* **The task**
All lines from the one that contains "File:Museo Pontevedra, Ed." to the end of the data must be retyped exactly. Pictures are not retyped.

* **Recorded data**
::::::::

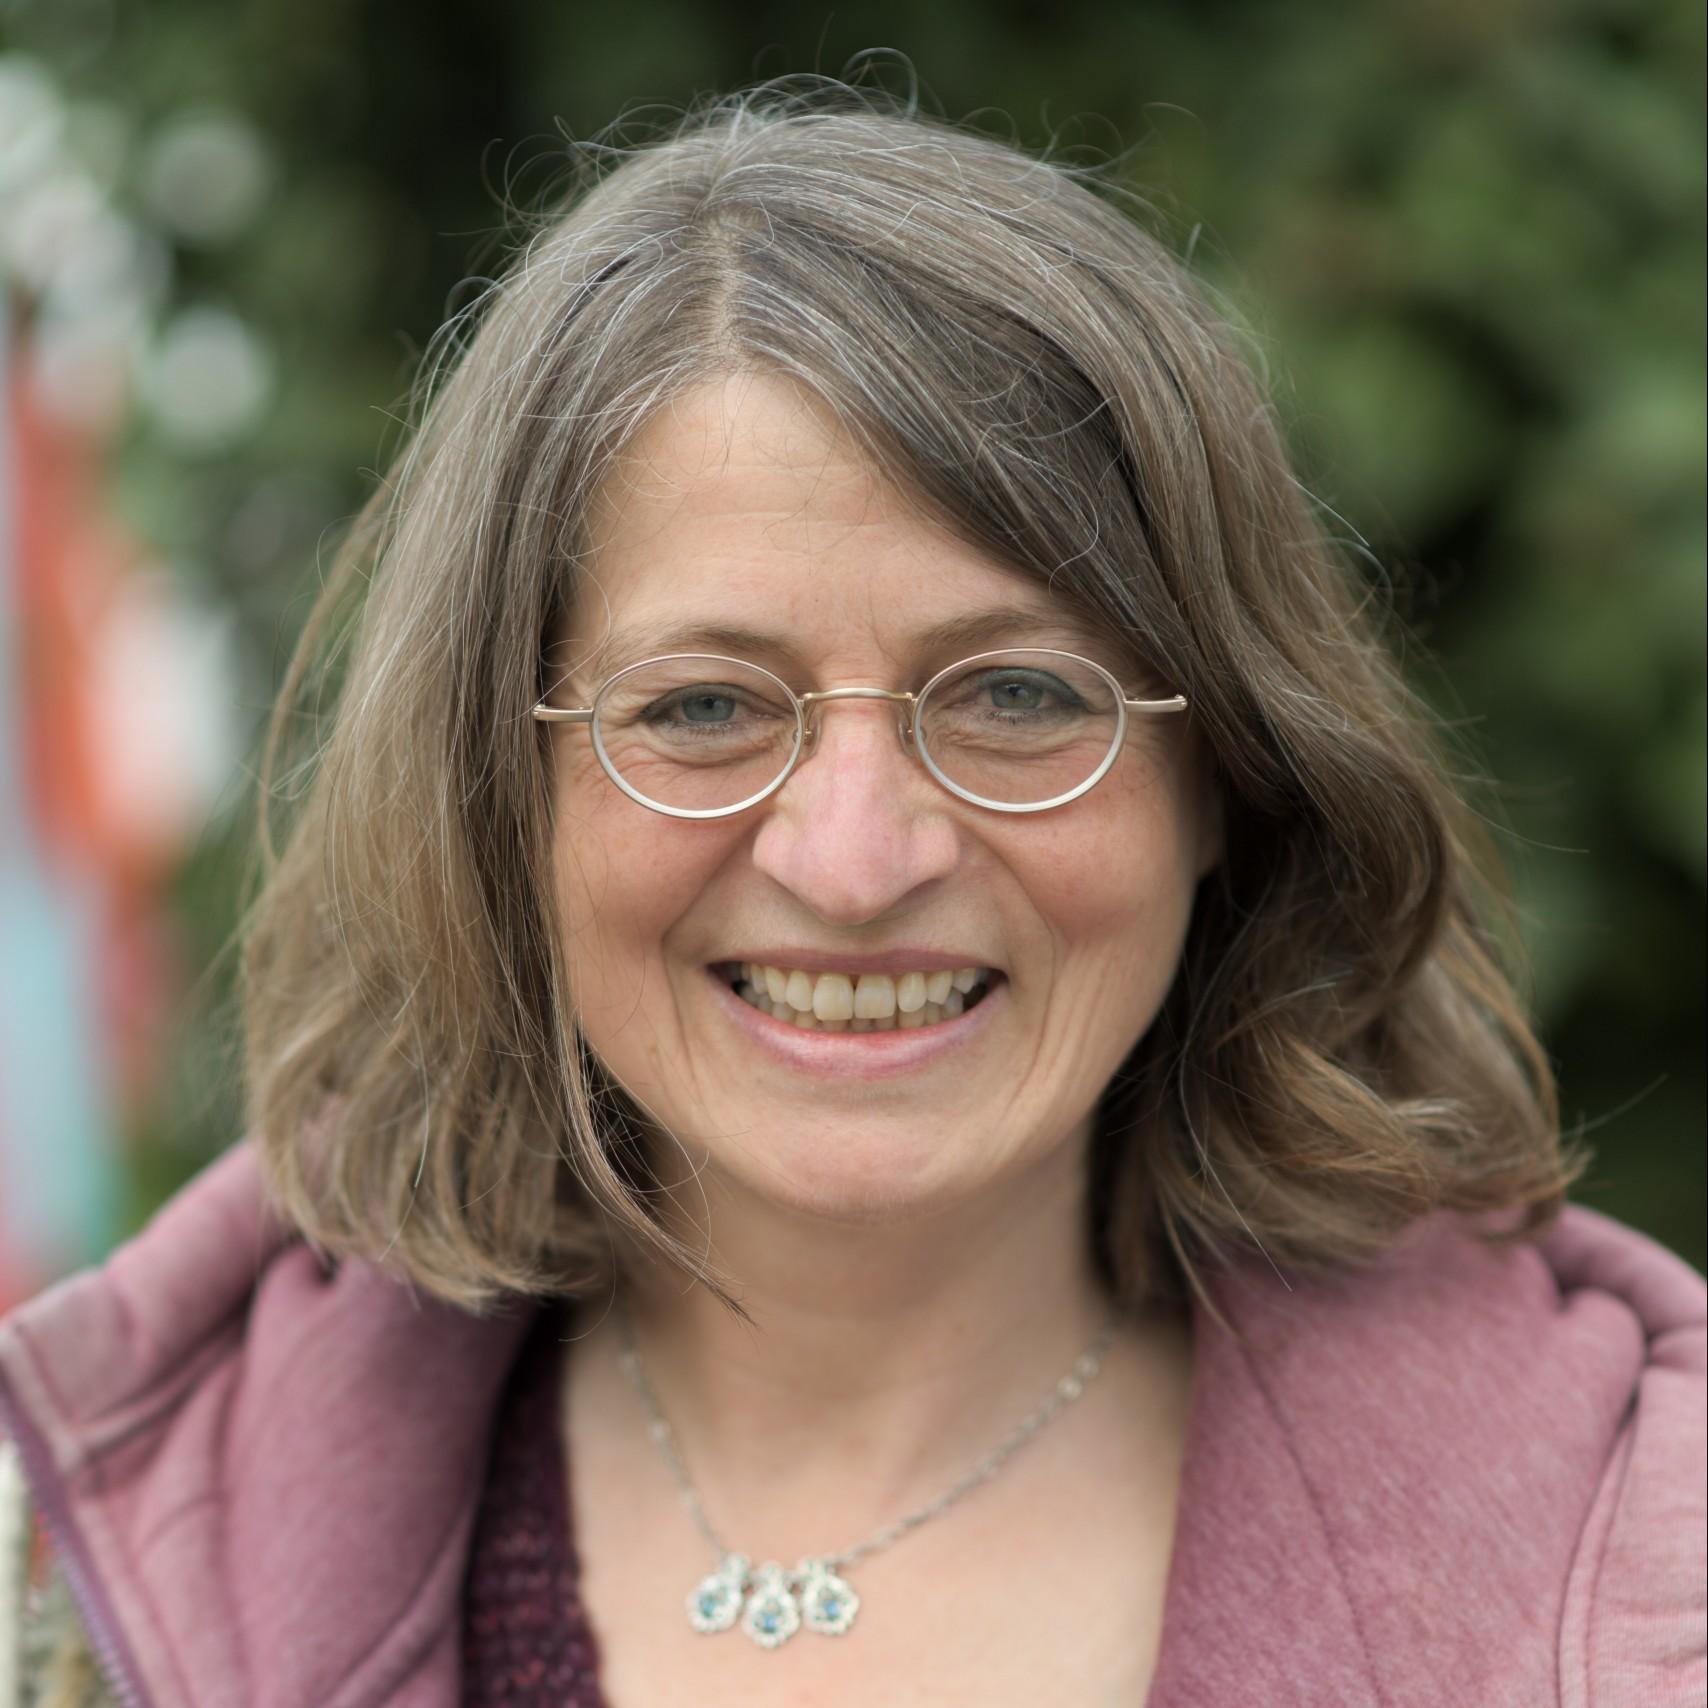 Brigitte Kallmann
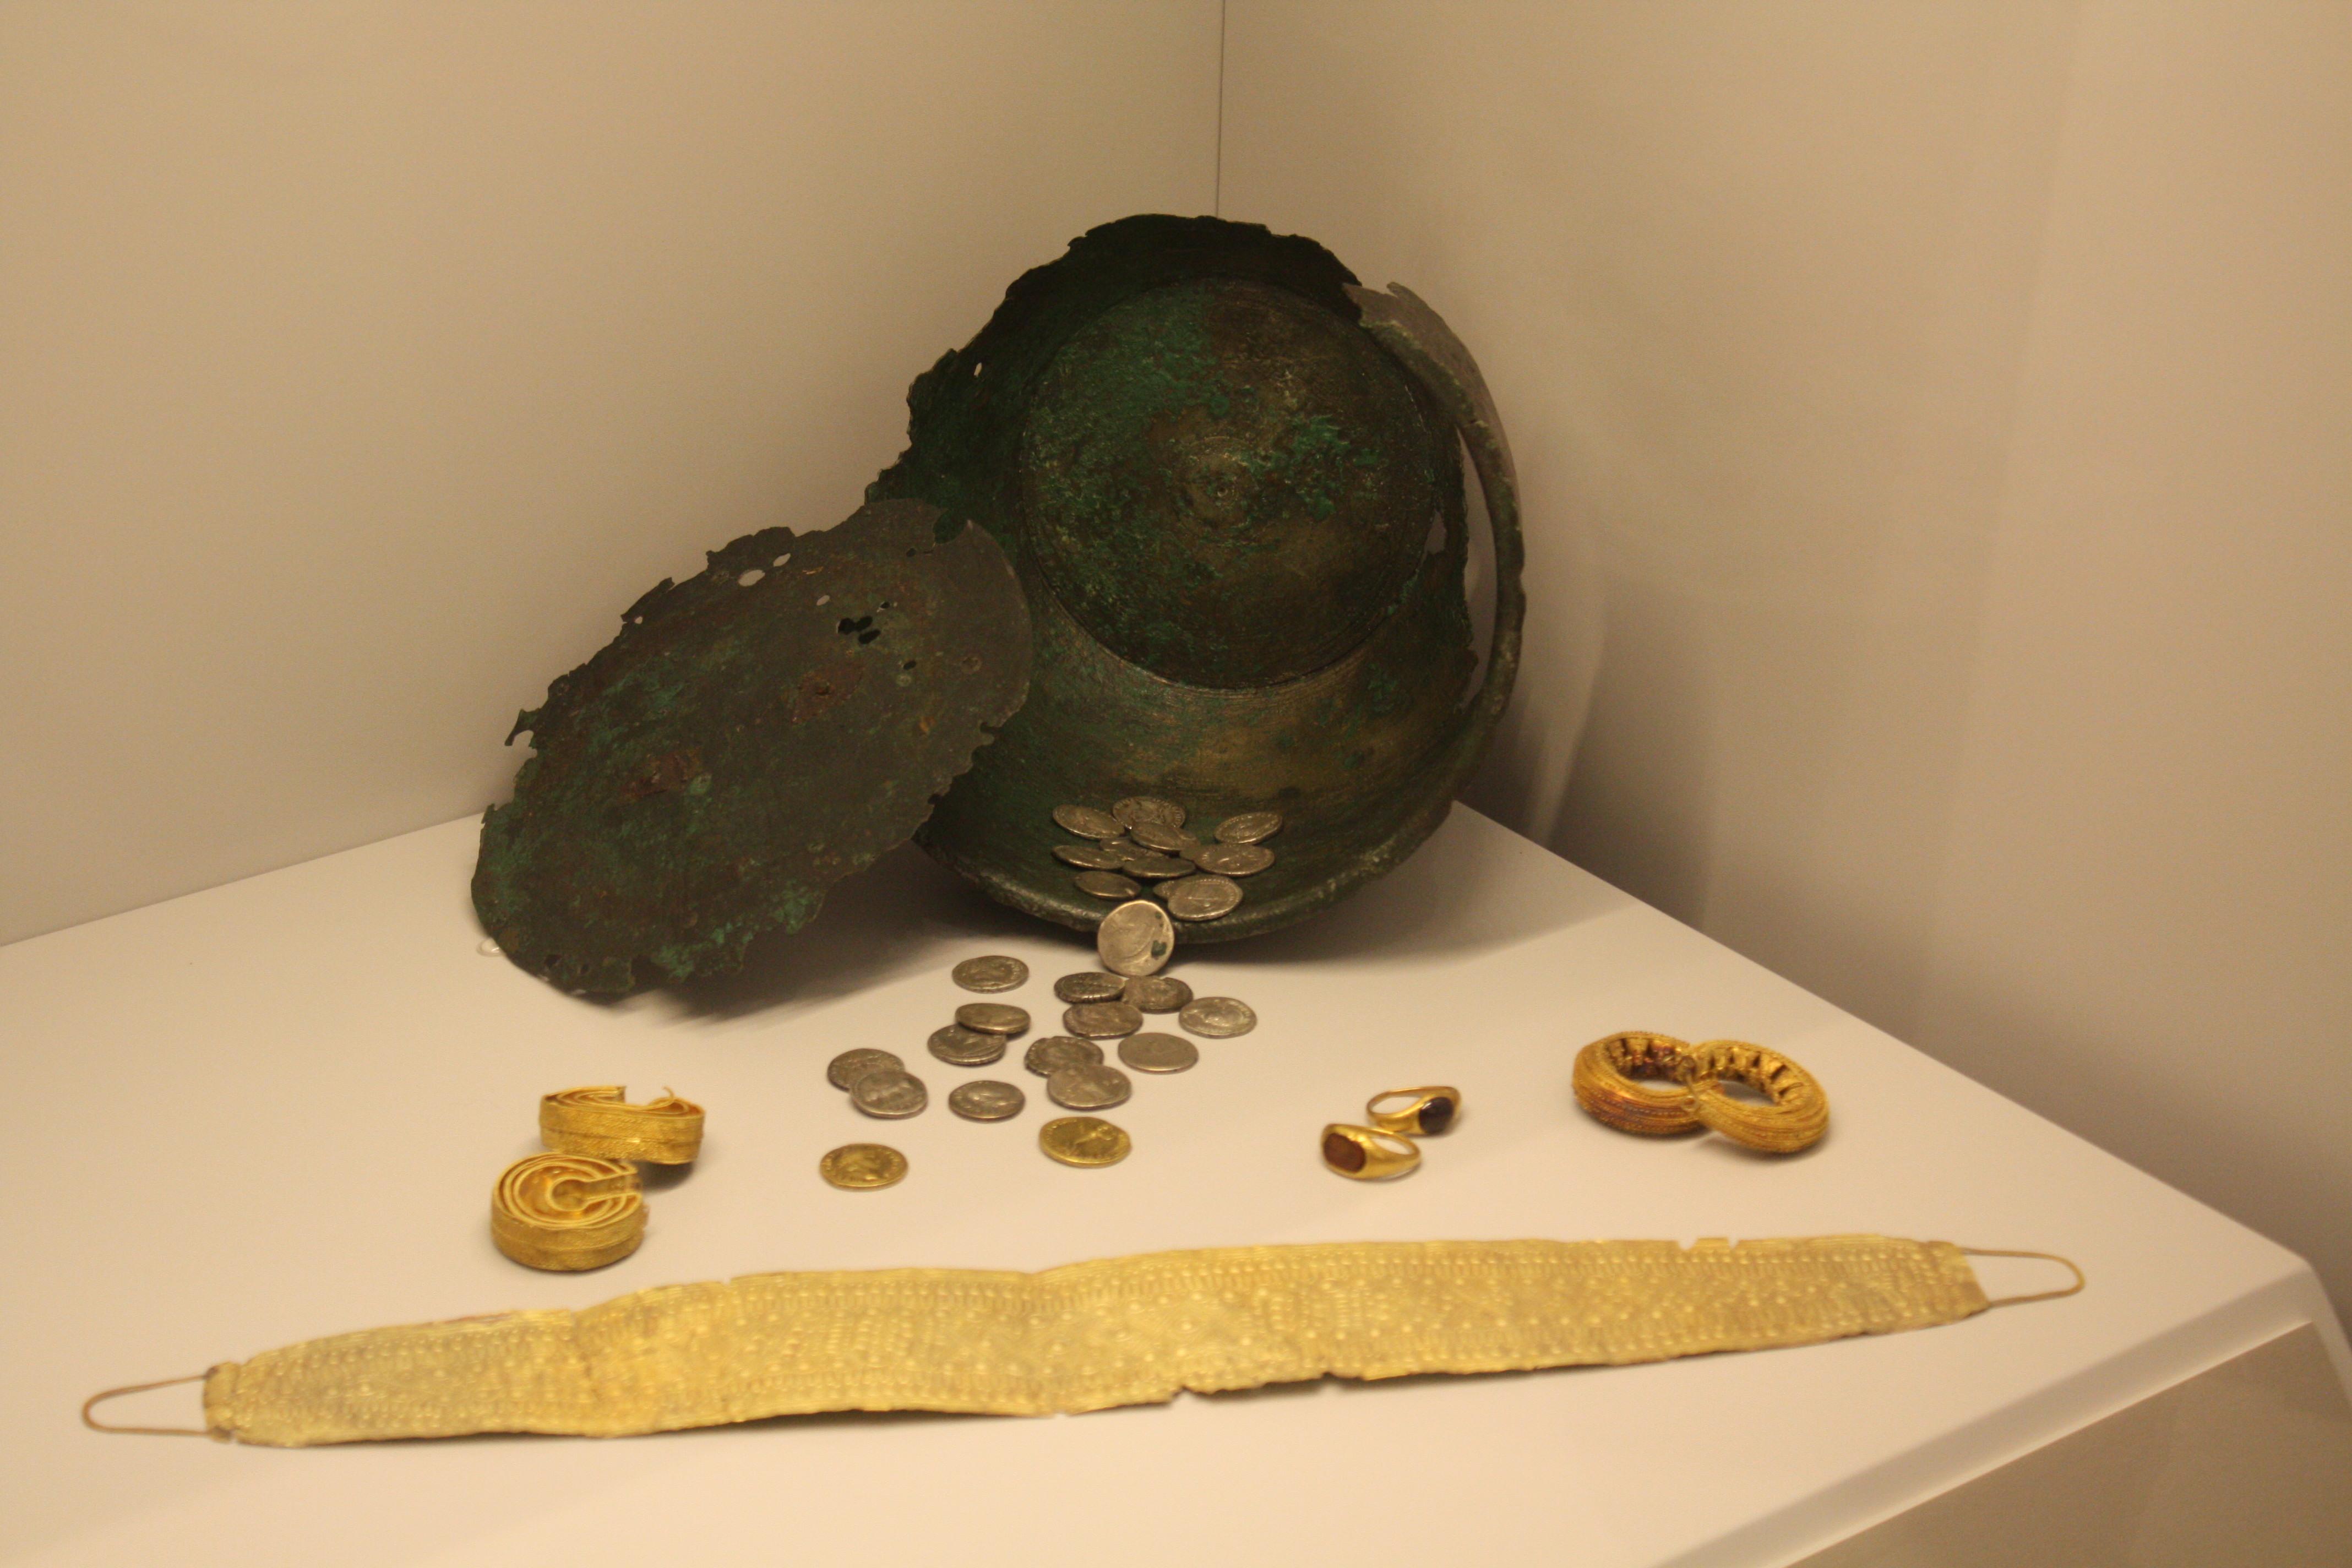 File:Museo Pontevedra, Ed. Sarmiento 02-16a, Tesouro de Bedoya.JPG - Wikimedi...
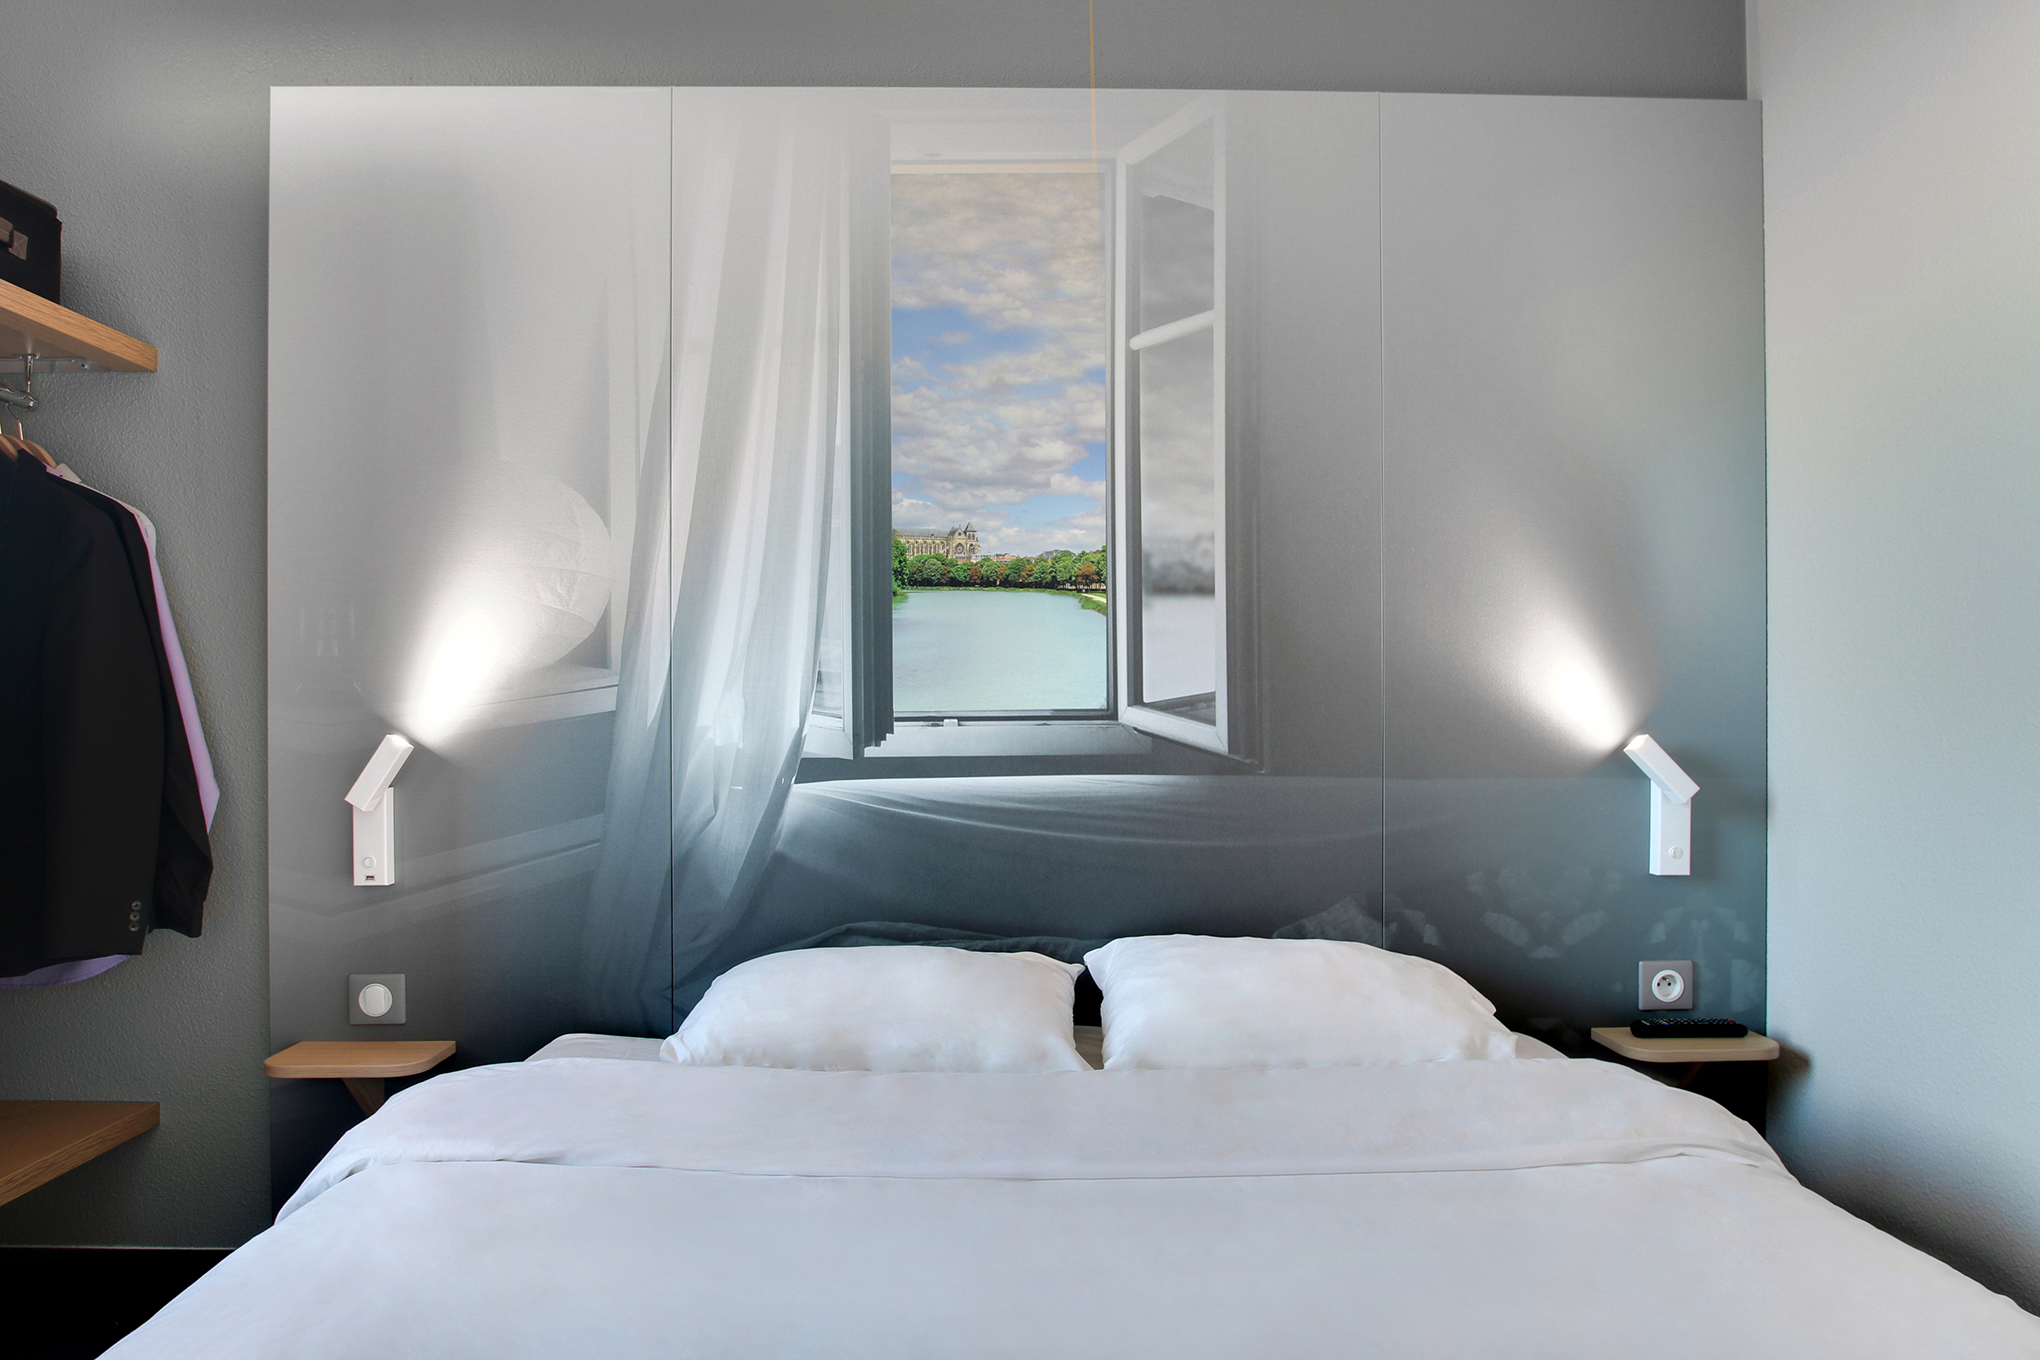 b b h tel ch lons en champagne h tel 5 rue michel menard 51000 ch lons en champagne adresse. Black Bedroom Furniture Sets. Home Design Ideas

::::::::

* **Reply to the task**
 File:Museo Pontevedra, Ed. Sarmiento 02-16a, Tesouro de Bedoya.JPG - Wikimedi...
 b b h tel ch lons en champagne h tel 5 rue michel menard 51000 ch lons en champagne adresse. Black Bedroom Furniture Sets. Home Design Ideas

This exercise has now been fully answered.